The Willoughby Captains - Reed Talbot Baines 11 стр.


Chapter Nine

A Scientific Afternoon in Welch’s

“Pil,” said Cusack, a few days after the unfortunate end to that gentleman’s “motion” in Parliament—“Pil, it strikes me we can do pretty much as we like these times. What do you think?”

“Well, I don’t know,” said Pil, meditatively; “I got a pot from Coates to-day for playing fives against the schoolhouse door.”

“Oh yes; of course, if you fool about out of doors you’ll get potted. What I mean is, indoors here there’s no one to pull us up that I can see.”

“Oh!
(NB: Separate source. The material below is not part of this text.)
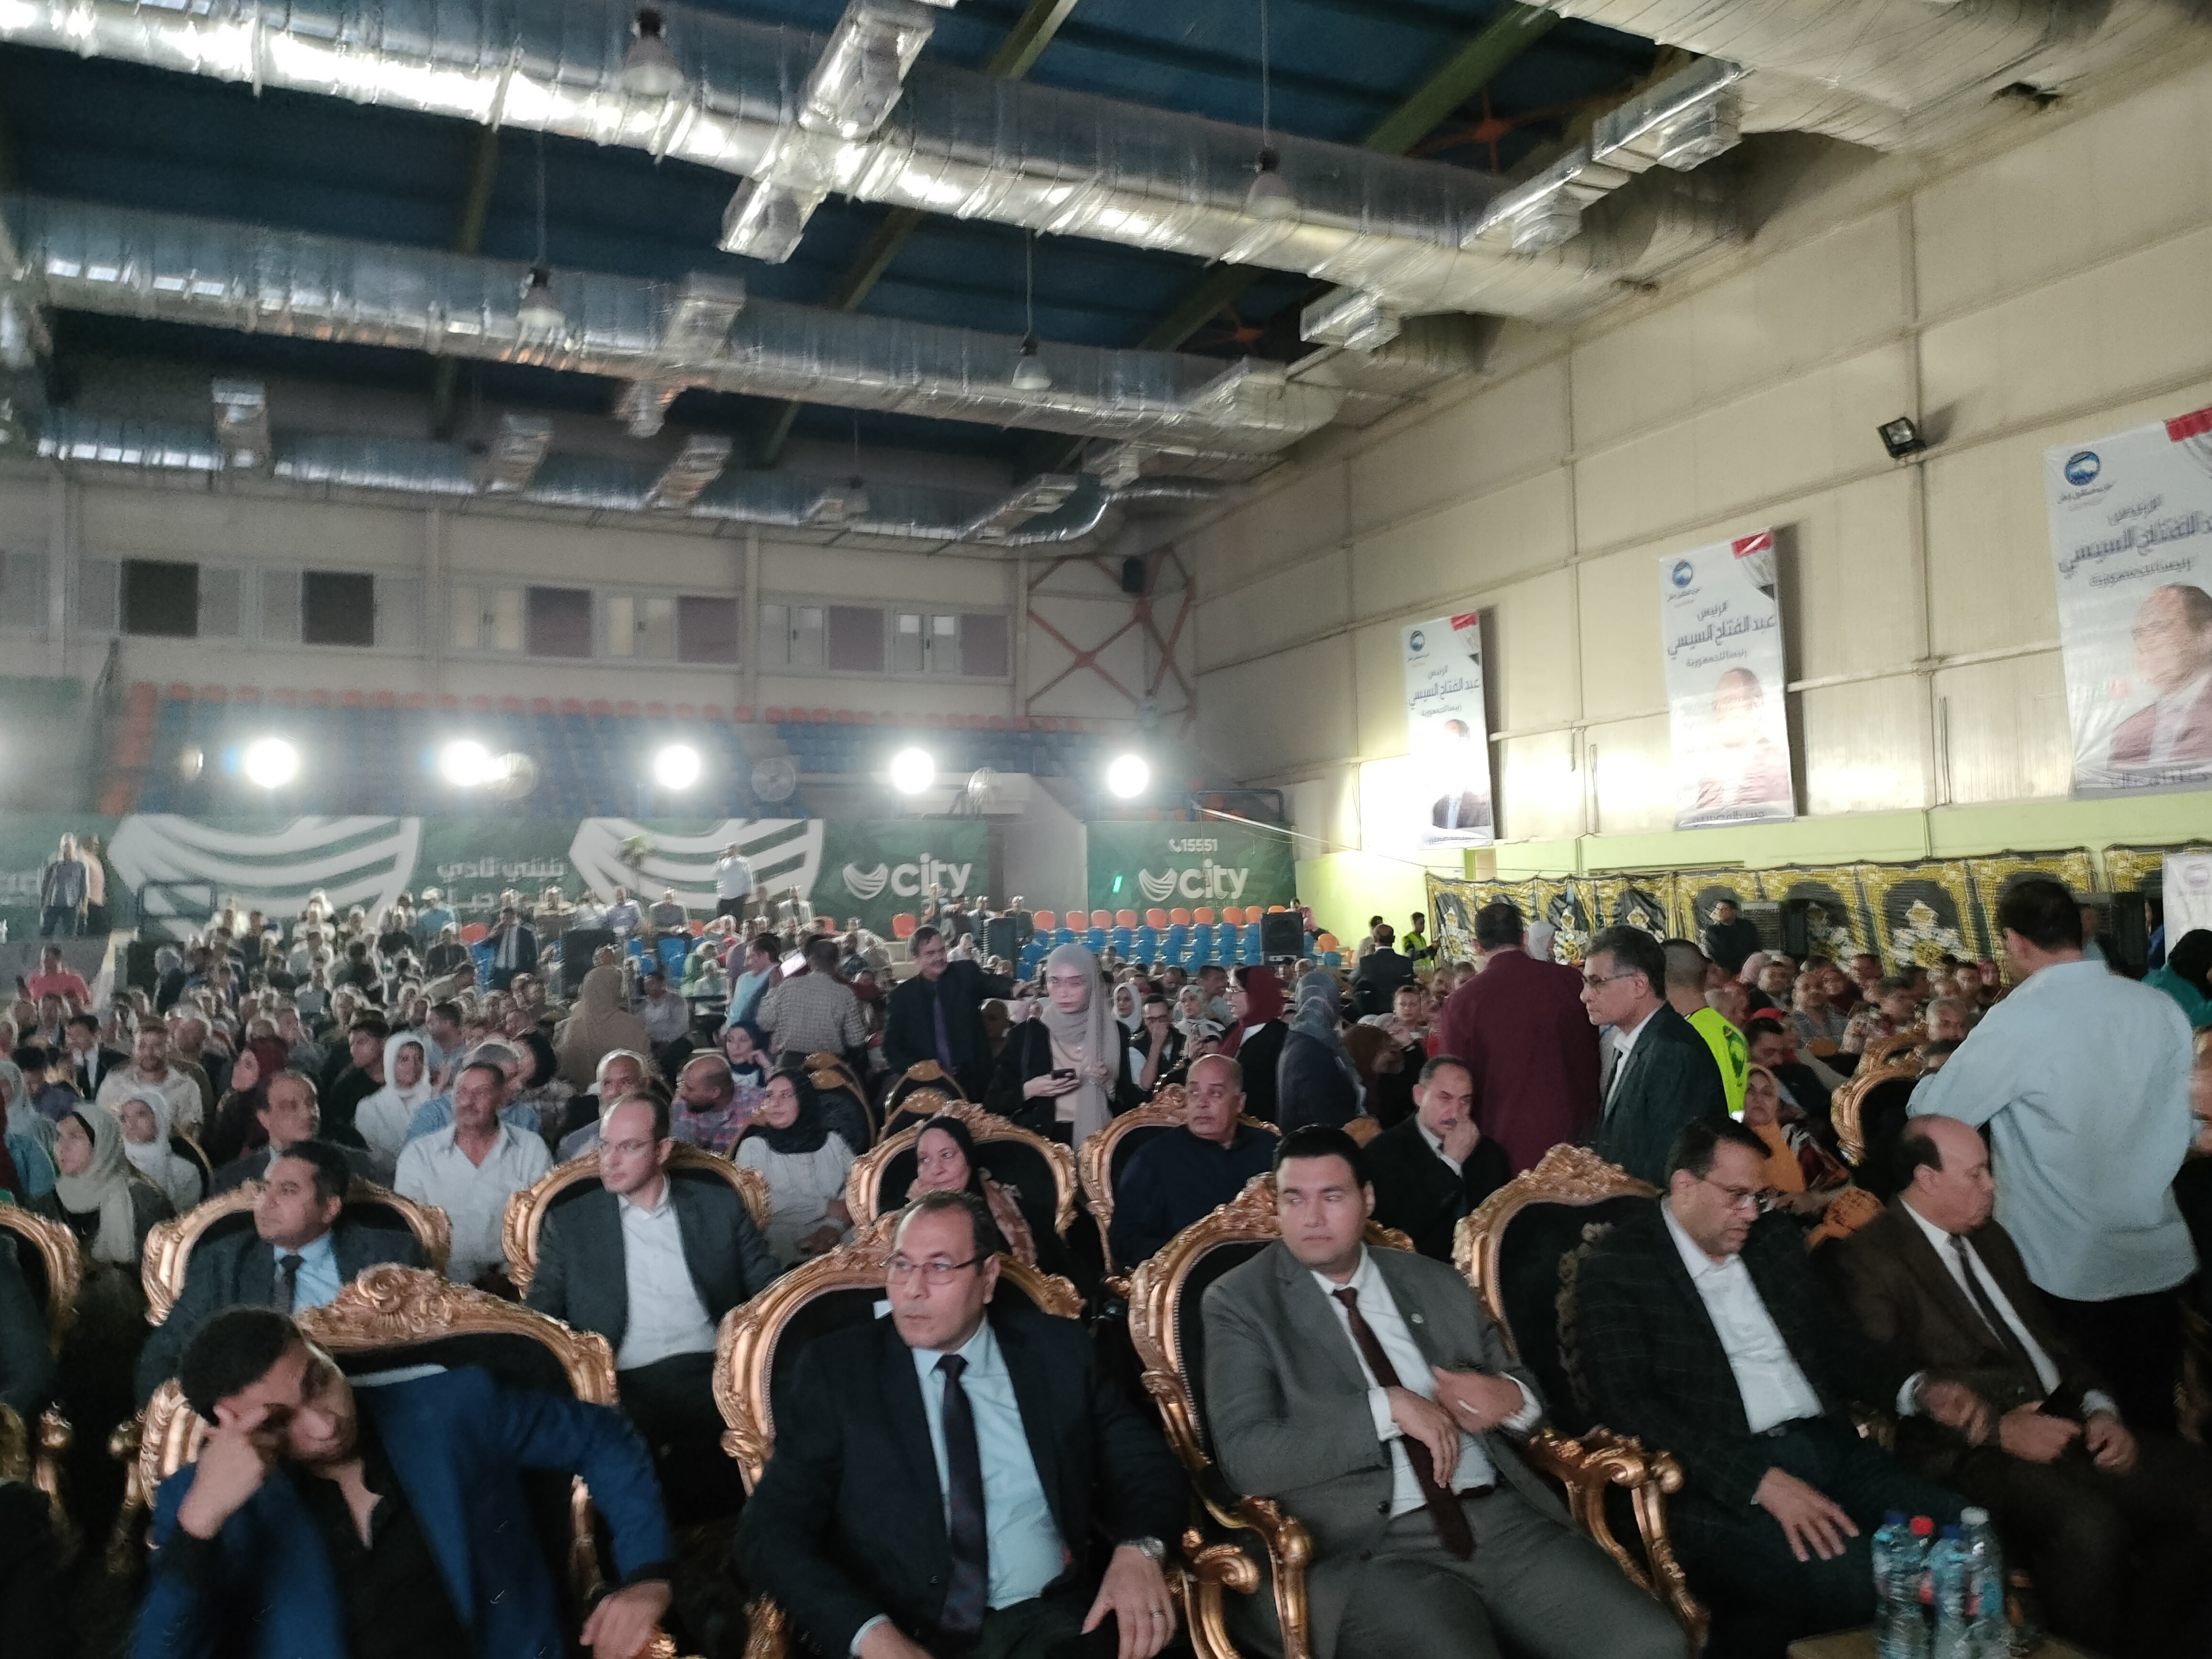 مؤتمر مستقبل وطن في محافظة الغربية (1)

I see what you mean,” said Pil. “Yes, you’re about right there.”

“Gully, you know,” continued Cusack—“Gully’s no good as master of a house; he’s always grubbing over his books. Bless his heart! it doesn’t matter to him whether we cut one another’s throats!”

“Not it! I dare say he’d be rather glad if we did,” replied Pilbury.

“Then there’s Tucker. No fear of his reporting us, eh!”

“Rather not! when he’s always breaking rules himself, and slinking down to Shellport, and kicking up rows with the other chaps. What do you think I found in his brush-and-comb bag the other day? Thirteen cigar-ends! He goes about collecting them in Shellport, I suppose, and finishes them up on the quiet.”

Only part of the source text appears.